Деревня Рождествено некогда называлась Большая Грязная; она сменила свое название после того, как царевич Алексей Петрович построил здесь деревянные дворец и церковь во имя Рождества Богородицы. Эти места были дарованы ему отцом Петром I, отвоевавшим Ижорскую землю (тогда именовавшуюся Ингерманландией) у шведов. Впрочем, в глазах современников наскоро возведенные хоромы наследника престола были скорее не дворцом, а монастырем в лесной чащобе.

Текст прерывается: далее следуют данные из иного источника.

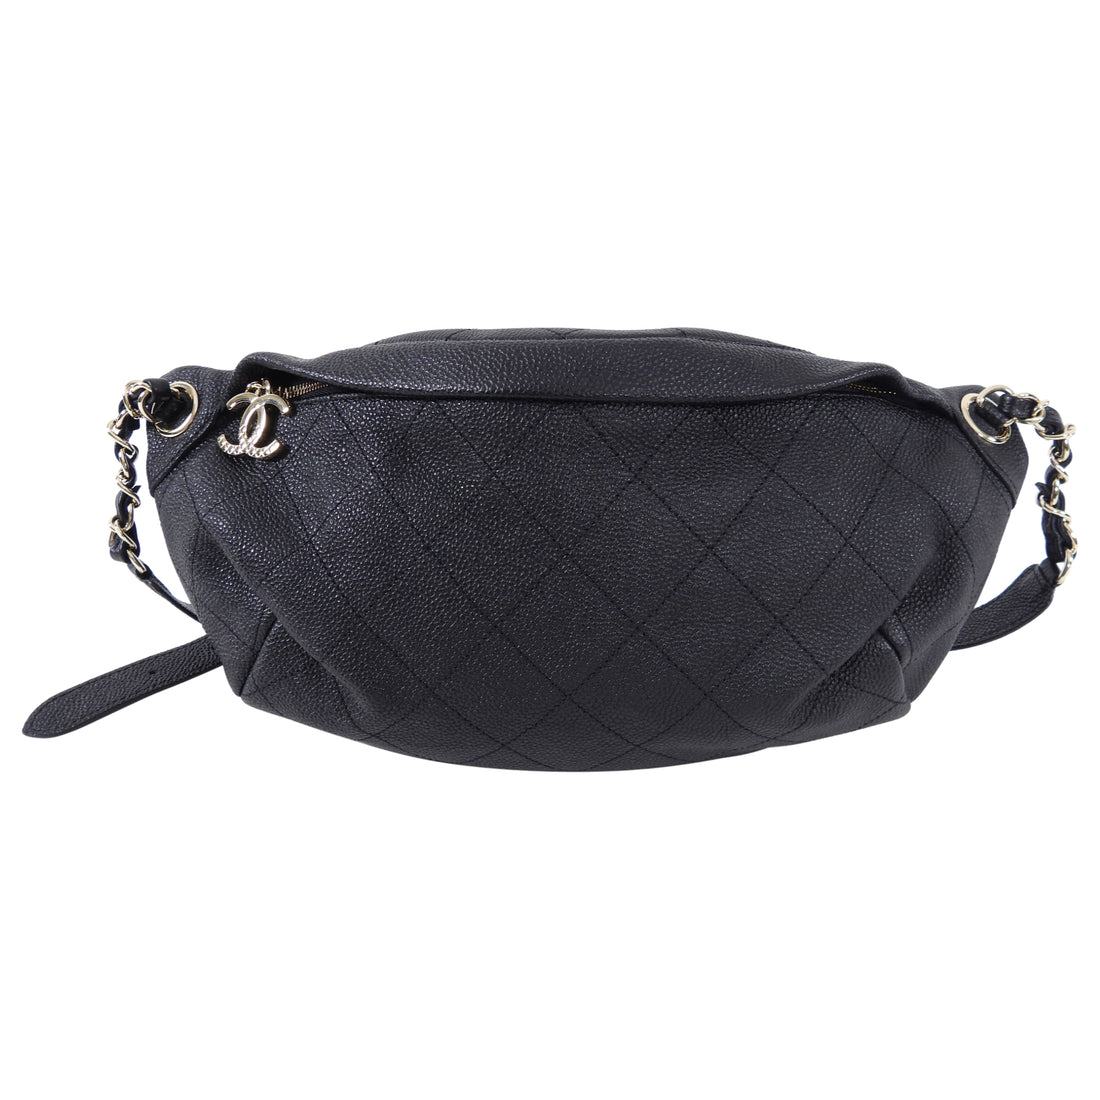 Chanel Banane Belt Bag Raspberry Pink Soft Caviar Leather
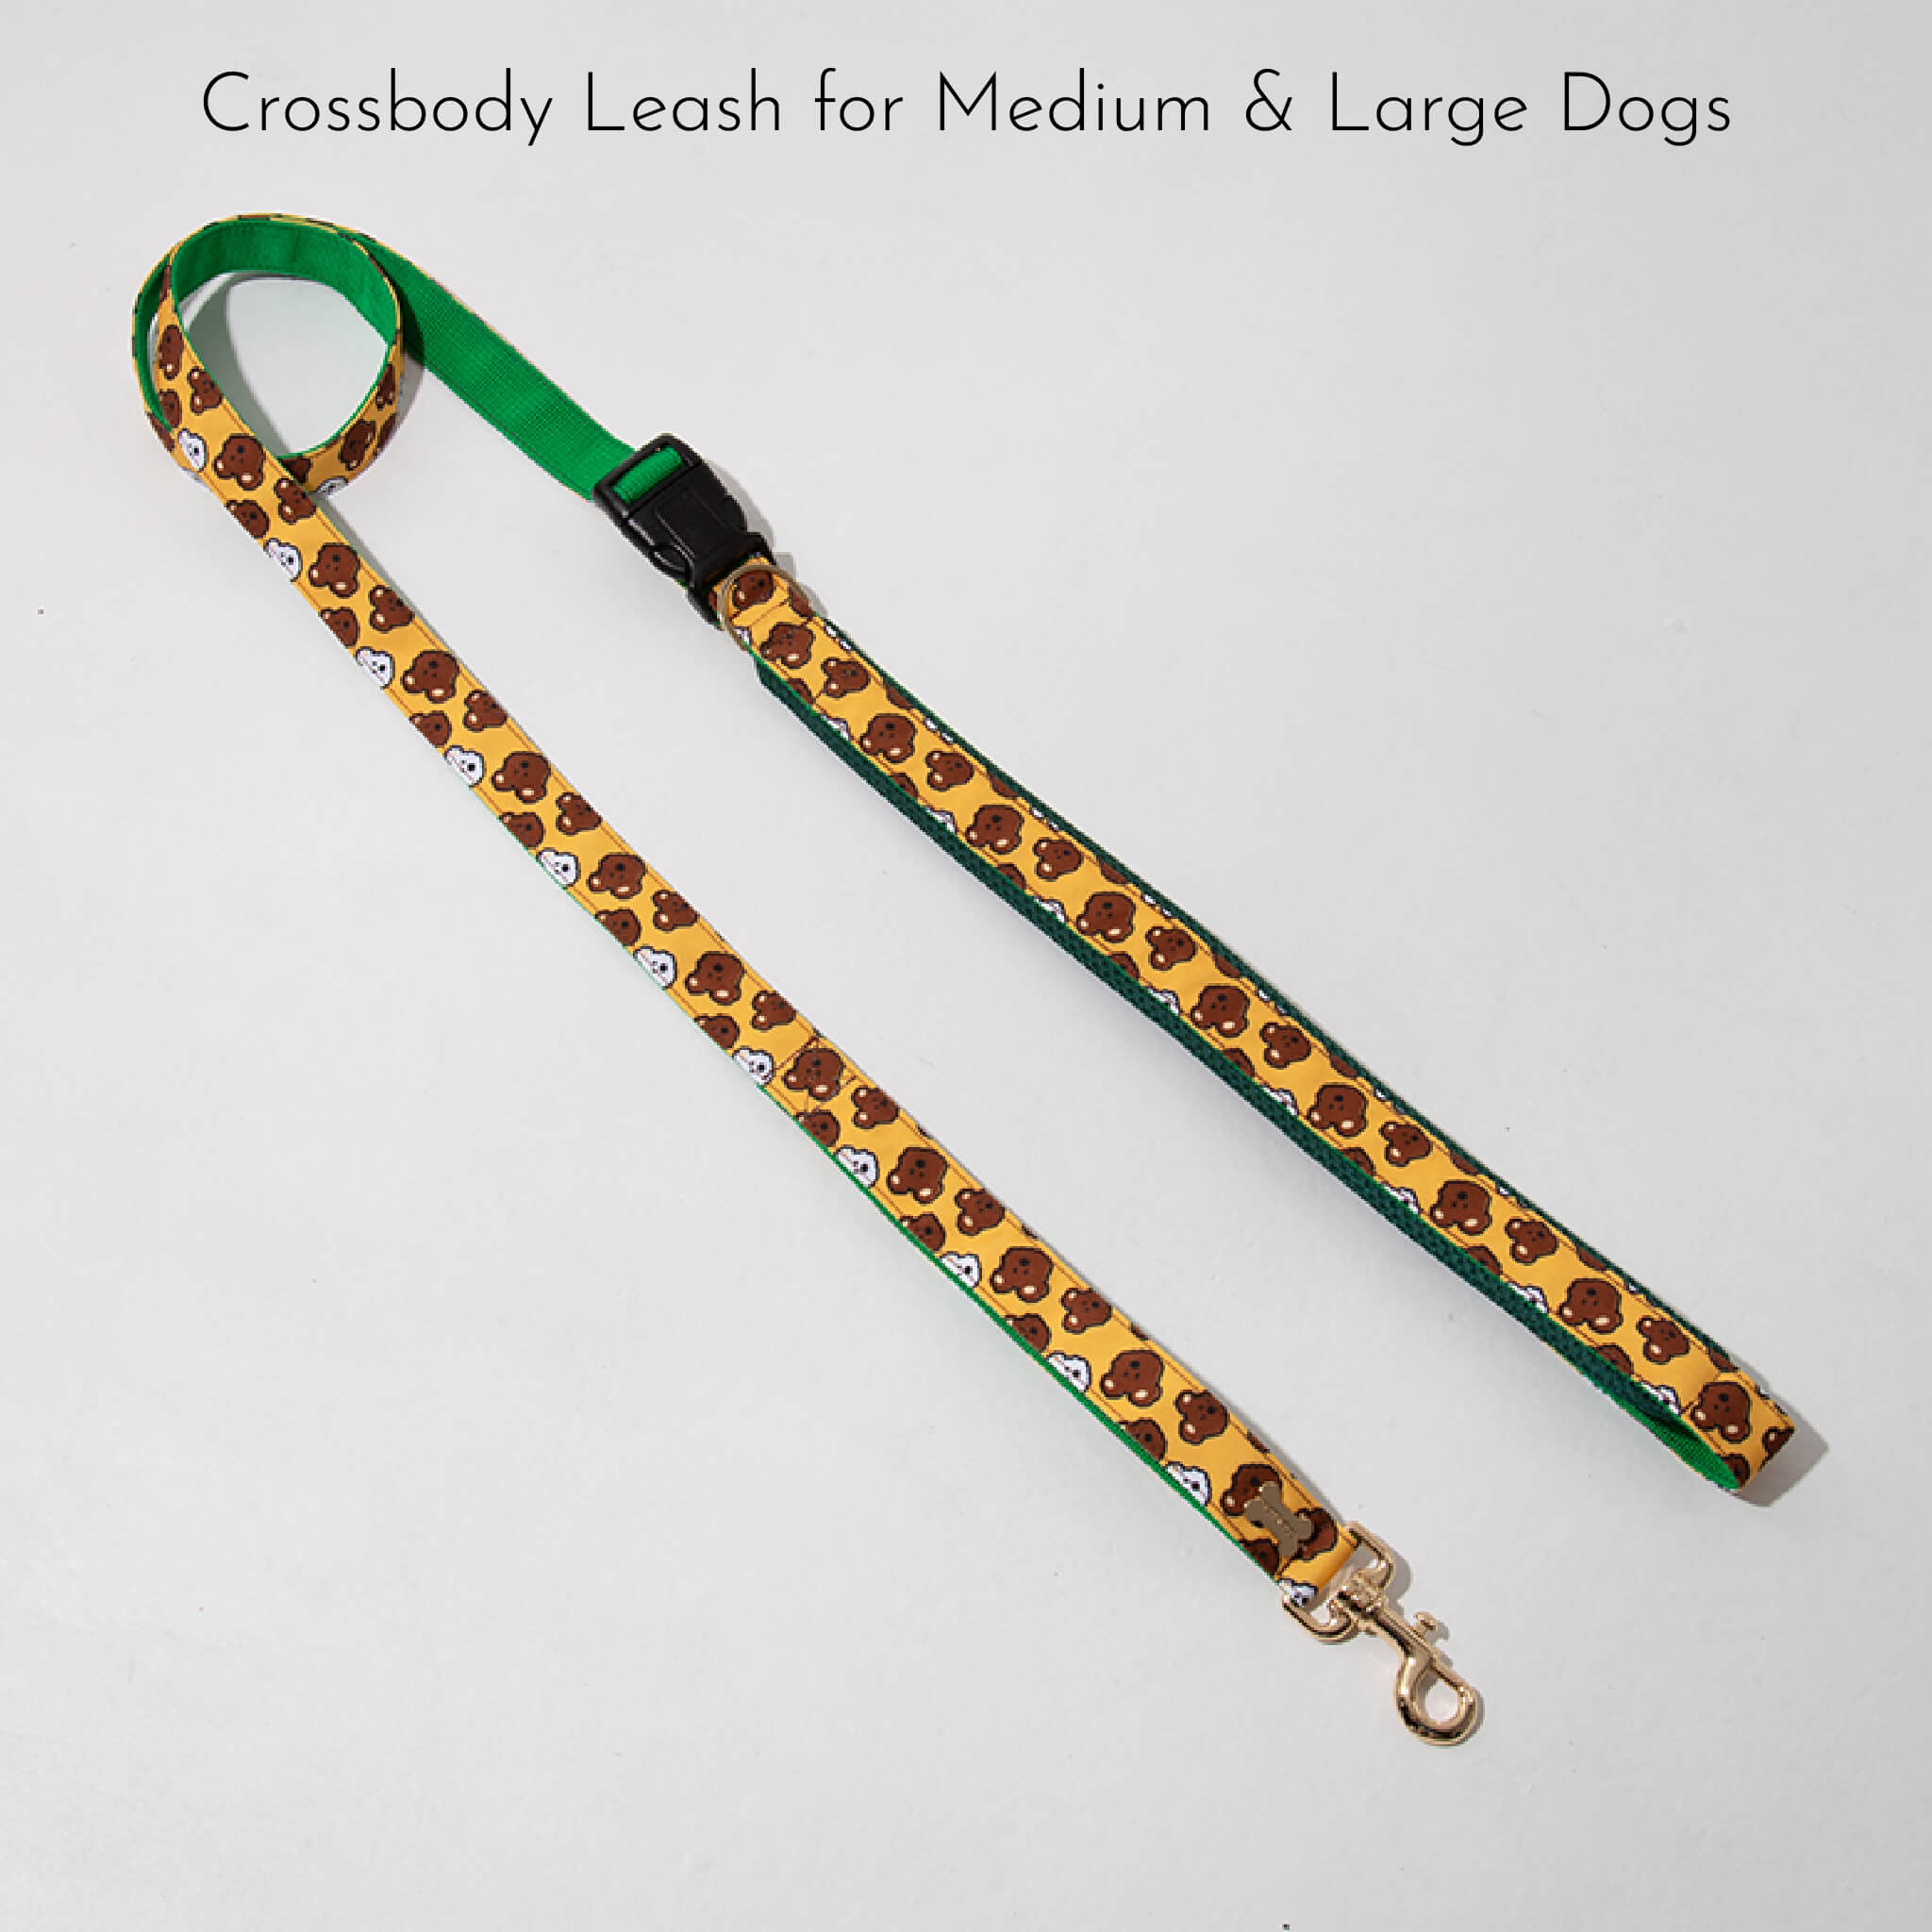 crossbody leash for medium & large dogs

В конце XIX века земли эти были уже не Ингерманландией, а Вырской мызой; они делились и переходили из рук в руки. Здесь образовались ряд усадеб: Выра, Батово и уже упомянутое Рождествено. В 1890 году владельцем Выры и Рождествено стал миллионер — золотопромышленник Иван Васильевич Рукавишников, получивший Выру в качестве приданого за женой и ради округления владений подкупив Рождествено. Его внук — знаменитый писатель — деда не любил и так характеризовал последнего:
«На старых снимках это был благообразный господин с цепью мирового судьи, а в жизни тревожно-размашистый чудак с дикой страстью к охоте, с разными затеями, с собственной гимназией для сыновей, где преподавали лучшие петербургские профессора, с частным театром, на котором у него играли Варламов и Давыдов, с картинной галереей, на три четверти полной всякого темного вздора. По позднейшим рассказам матери, бешеный его нрав угрожал чуть ли не жизни сына, и ужасные сцены разыгрывались в мрачном его кабинете».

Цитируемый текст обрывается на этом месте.